■ **TASK DESCRIPTION**: Your answer must be a word-for-word copy of the listing below, minus its pictures.

■ **THE DATA**:
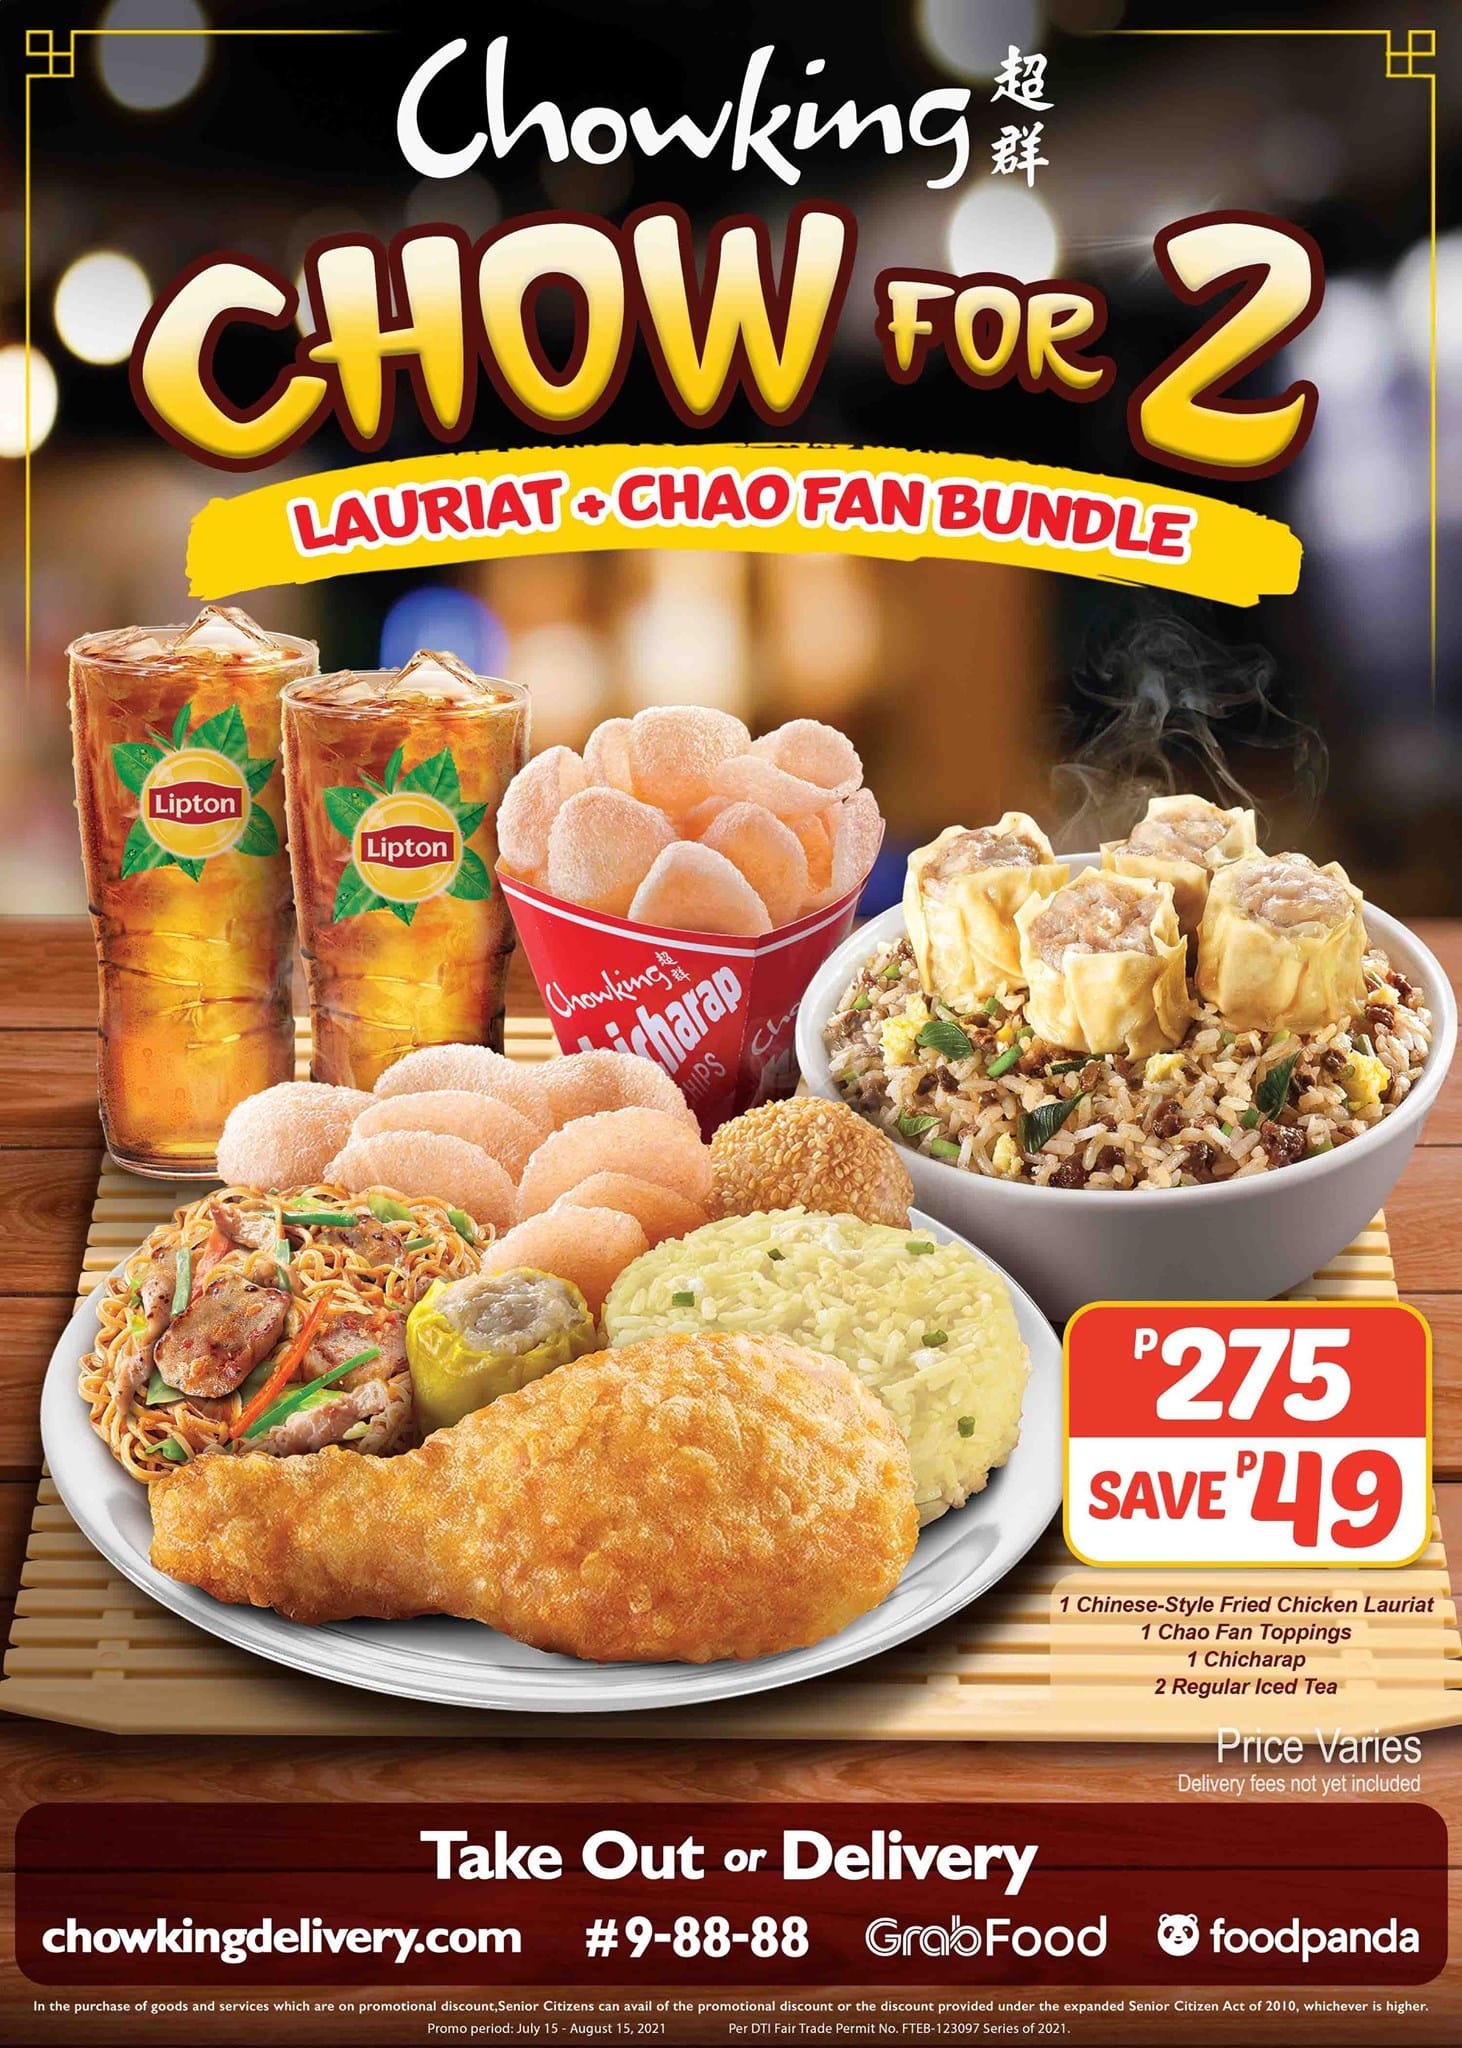 Chowking Chow for 2 Bundle Promo Deals Pinoy
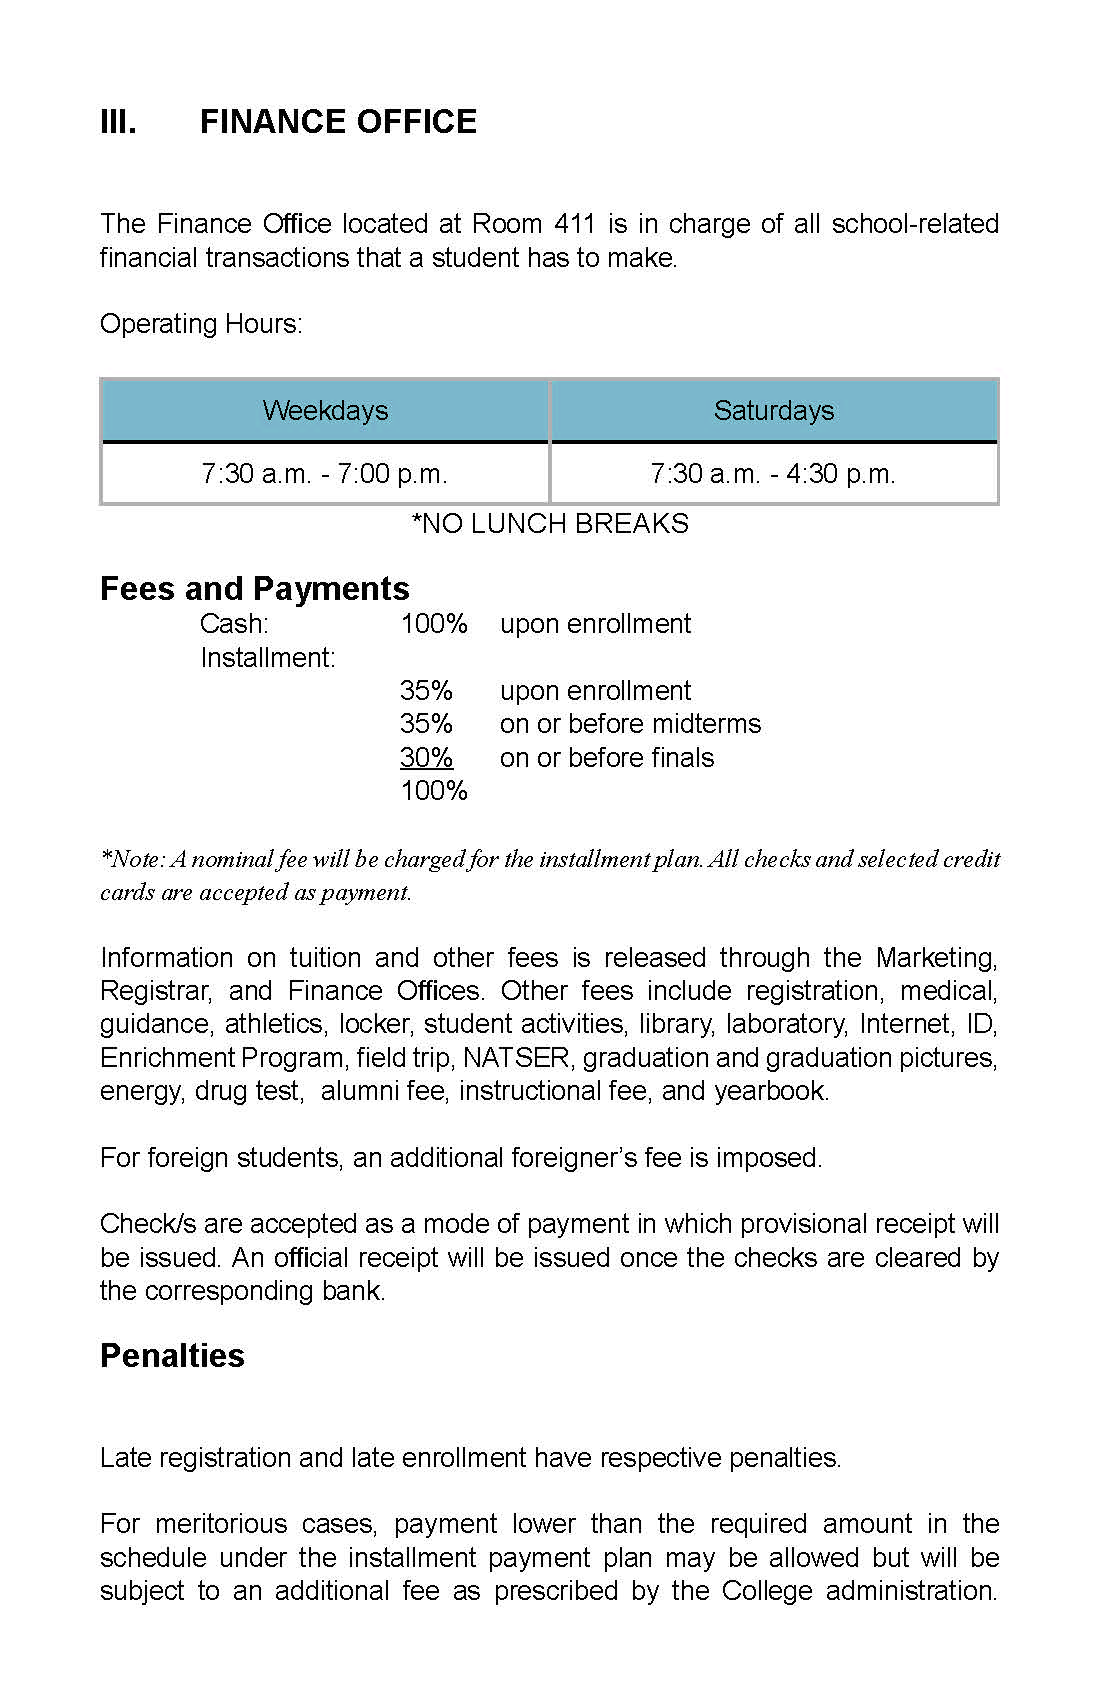 Finance Office Playbook_Page_1
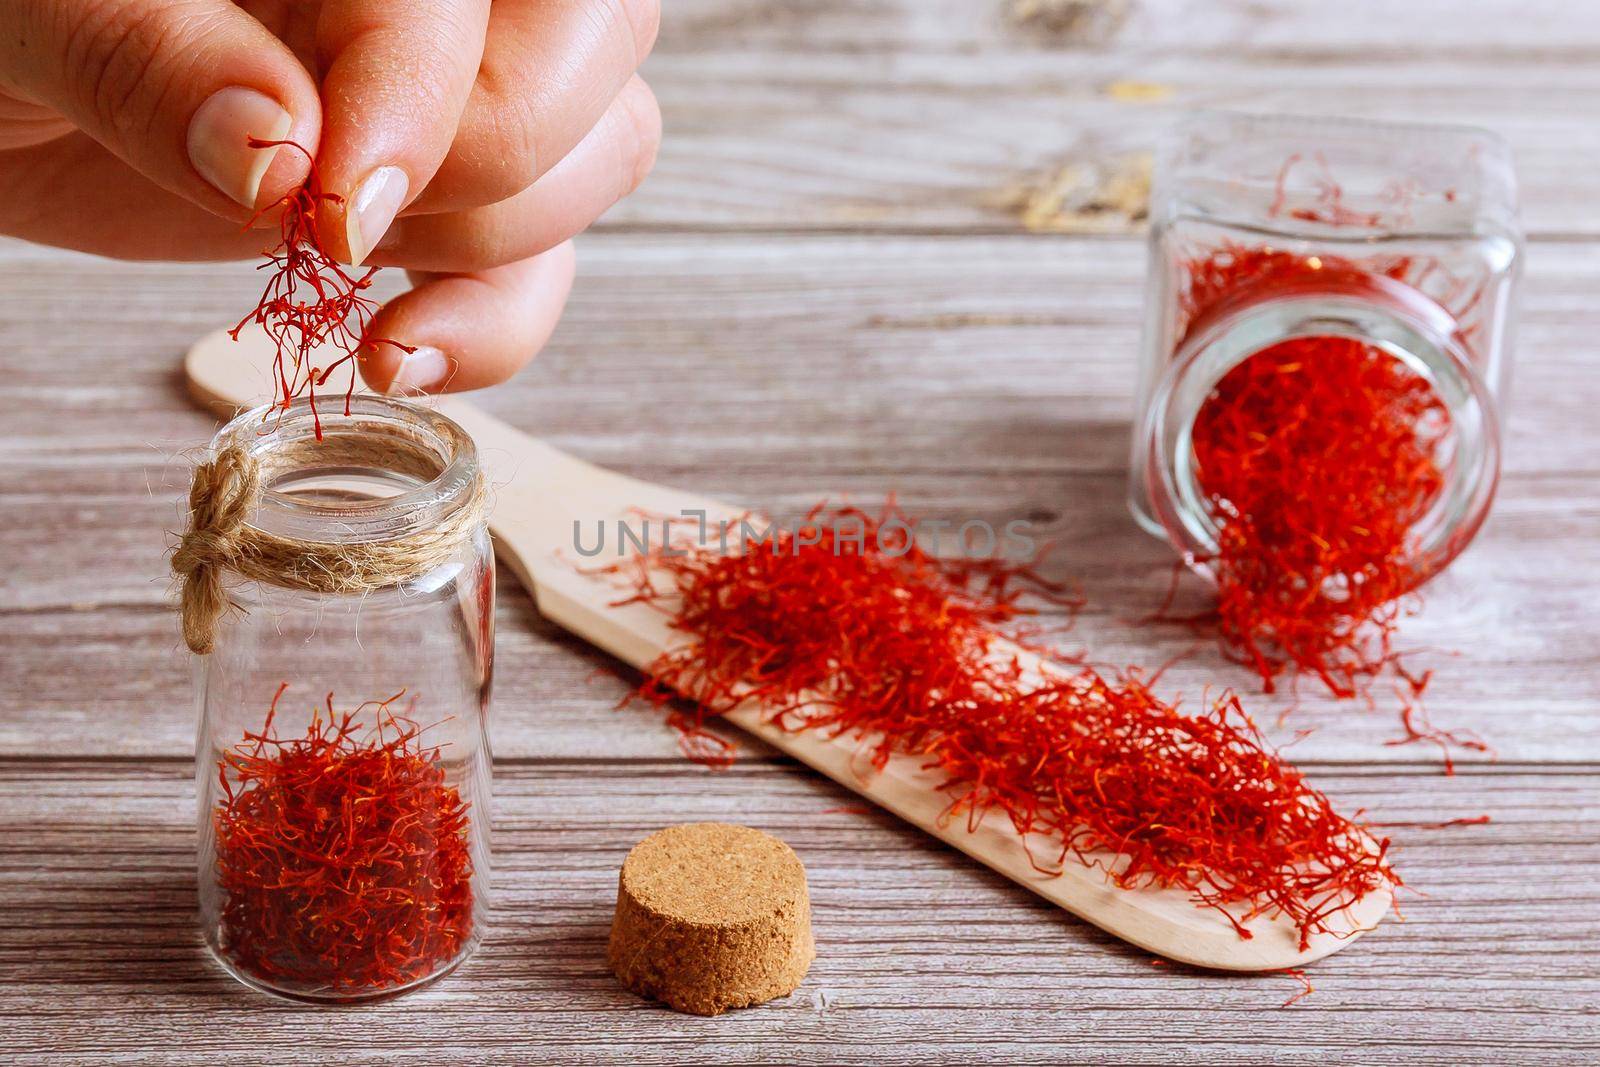 The girl puts the saffron in a glass container. Saffron spice in a glass bottle and on a wooden spoon on a wooden background.
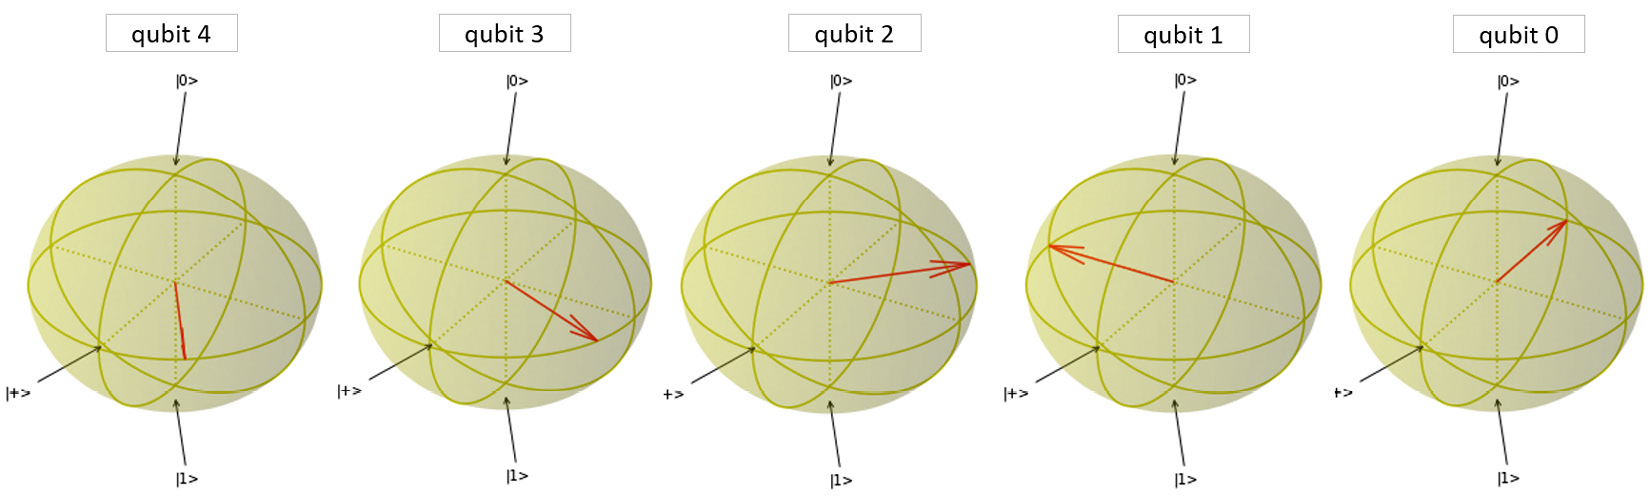 Figure 7.17 – Qubits representing the number 3 in the Fourier basis through phase angles

■ **EXERCISE OUTPUT**:
 Chowking Chow for 2 Bundle Promo Deals Pinoy
 Finance Office Playbook_Page_1
 The girl puts the saffron in a glass container. Saffron spice in a glass bottle and on a wooden spoon on a wooden background.
 Figure 7.17 – Qubits representing the number 3 in the Fourier basis through phase angles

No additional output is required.